In fact, Section 10 of the said Act empowers the central government to take away the citizenship of certain citizens specified therein, which include naturalised citizens but excludes citizens by birth, descent and so on. Hence, the said Act maintains a distinction between a naturalised citizen and other citizens.
Even otherwise, a statute cannot obviously enlarge the scope of the aforesaid constitutional concept of citizenship or be used to circumvent the provisions of Articles 84 and 102 of the Constitution.
After all there was no provision in the Constitution, which would have allowed a person like Sonia Gandhi to become Citizen of this country. Provisions mentioned in Article 102 and 84 were made in view of keeping the provision of constitution of that time. Thus the claim that Sonia Gandhi is a naturalised citizen, and therefore disqualified from holding a constitutional post in India is absolutely correct.
It is Sonia Gandhi's latest gender gem: ‘‘the day I became the daughter-in-law of Indira Gandhi's house, I became an Indian. The rest is all technical.'' By that logic, one Louis de Raedt can be considered to have had even better credentials to be regarded as an Indian. 3
Monsieur Raedt, held a Belgian passport but, till his day of reckoning in 1987, he had been continuously in India since 1937! By an order of the Government of India dated 8th July 1987, his request for further stay in India was rejected and he was ordered to leave the country. On an appeal against this order, our Supreme Court ruled that Raedt had not become a citizen of India and therefore had no right "to reside and settle in India". 3
''He must prove,'' said the court, ''that he had formed the intention of making his permanent home in the country of residence and of continuing to reside there permanently. Residence, alone, unaccompanied by the state of mind, is insufficient.'' Incidentally, the ''secularists,'' the Vatican and the Vishwa Hindu Parishad alike would be interested to learn that Louis de Raedt was engaged in Christian missionary work. 3
Sonia Gandhi was given ''acquired'' citizenship under the Indian Citizenship Act 1955. She was not given citizenship under Article 5 of the Constitution that relates to those who were born in India or who have parents either of whom was born in India or who were ordinarily resident in India for at least five years immediately preceding the commencement of the Indian Constitution.
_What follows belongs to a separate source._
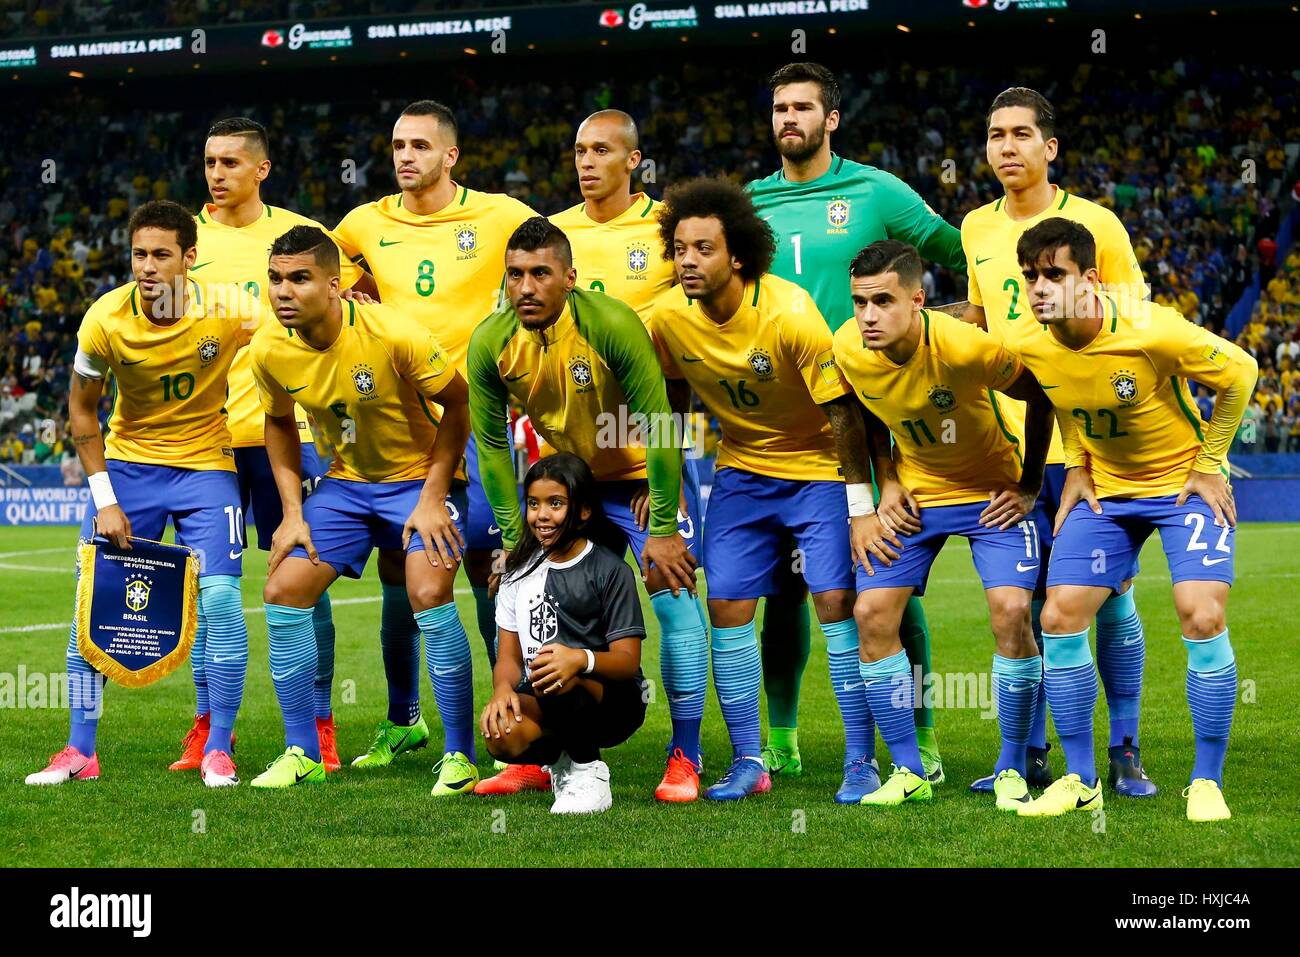 Soccer Wallpaper: Brazil National Team  Soccer post, Men's soccer teams,  Brazil football team
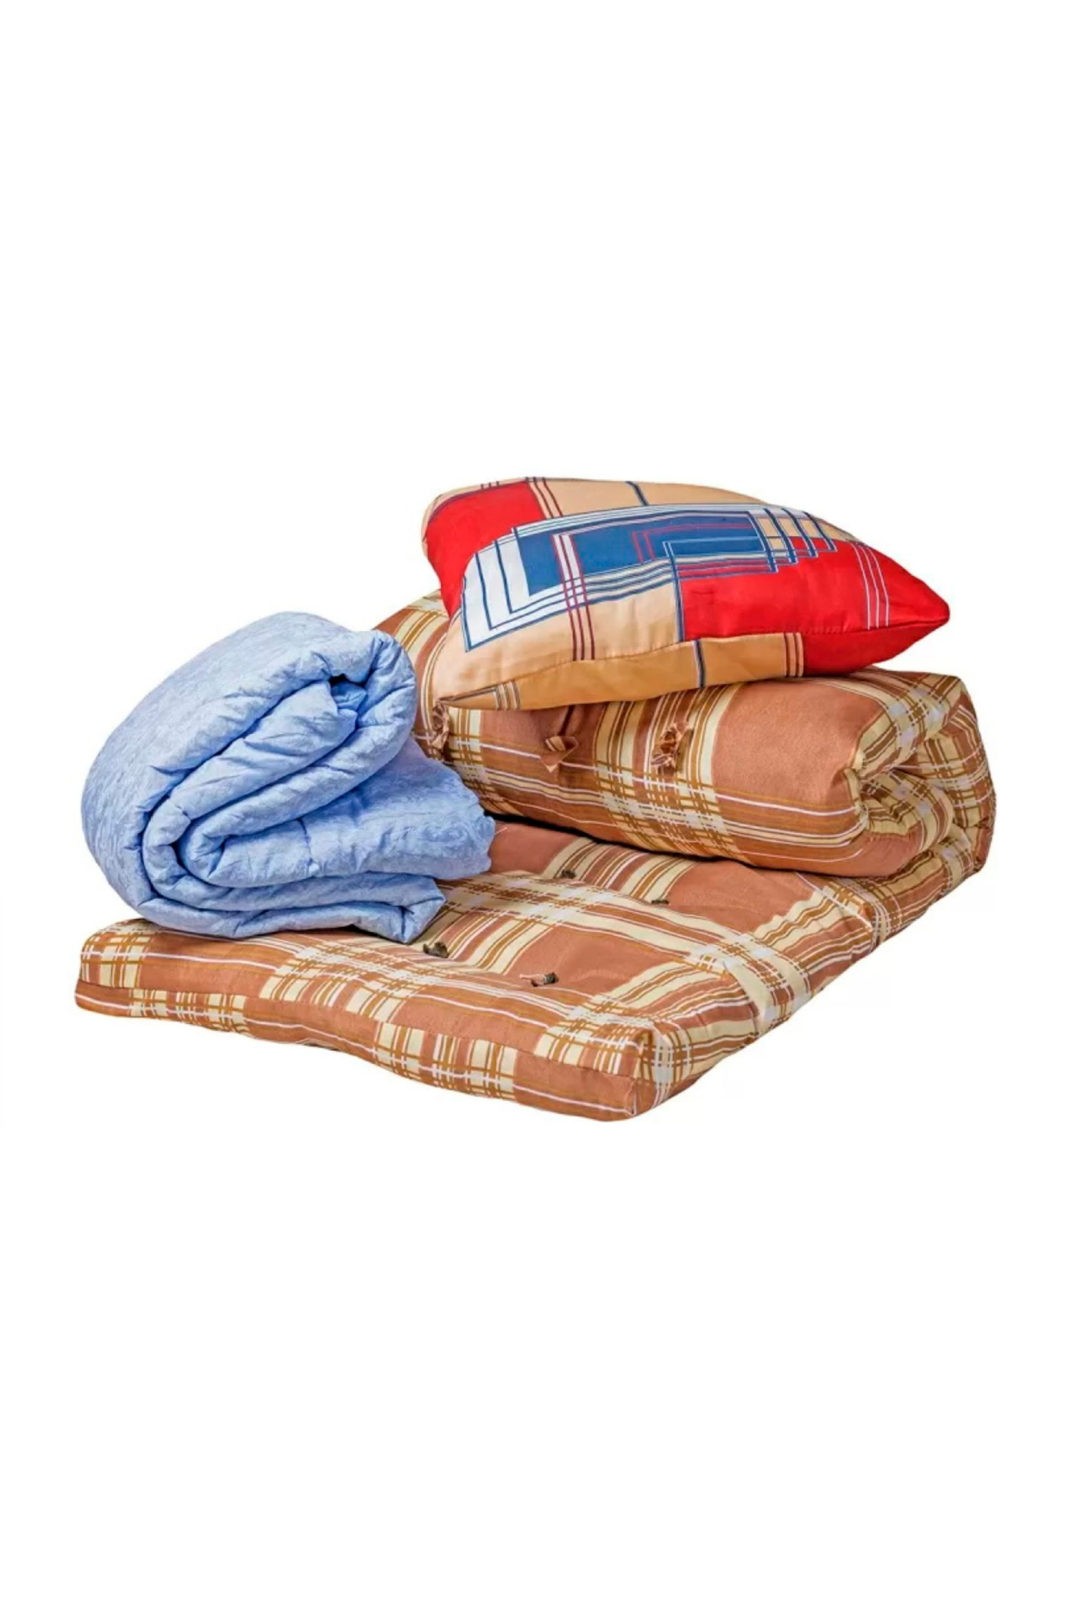 Спальный комплект для рабочих (матрас, одеяло, подушка)

Under the Indian Citizenship Act, there are three categories of Indian citizens -- citizens by birth, citizens by registration and citizens by naturalisation. I am an Indian citizen, so is Sonia Gandhi. But I am an Indian citizen by birth, which means nobody can deprive me of my citizenship. On the other hand, Sonia Gandhi is a citizen by registration, which means that under Indian laws, her citizenship, like that of those who are citizens by naturalisation, can be taken away and she can be deported.
Sonia Gandhi might well claim that she is an Indian till her last breath, but that does not mitigate the conditions and restrictions governing her Indian citizenship. Her citizenship by registration can be taken away under Section 10 of the Citizenship Act if the Government of India is satisfied that (a) the registration was obtained by means of fraud or concealment of material facts; (b) the registered citizen is disloyal or disaffected towards the Constitution of India; and, (c) the registered citizen raided or communicated with an enemy during war.
Now, the point about her citizenship and whether or not that entitles her to the prime minister of India's office, if, seen from a narrow, legal perspective, there is nothing that prevents Sonia Gandhi from assuming charge as prime minister of India. The Constitution of India, unlike the constitutions of many Western and Asian countries, puts no such bar on her. Unlike the USA, Finland, Germany, Thailand or Singapore, India does not insist that the aspirant for the job should be a natural born citizen.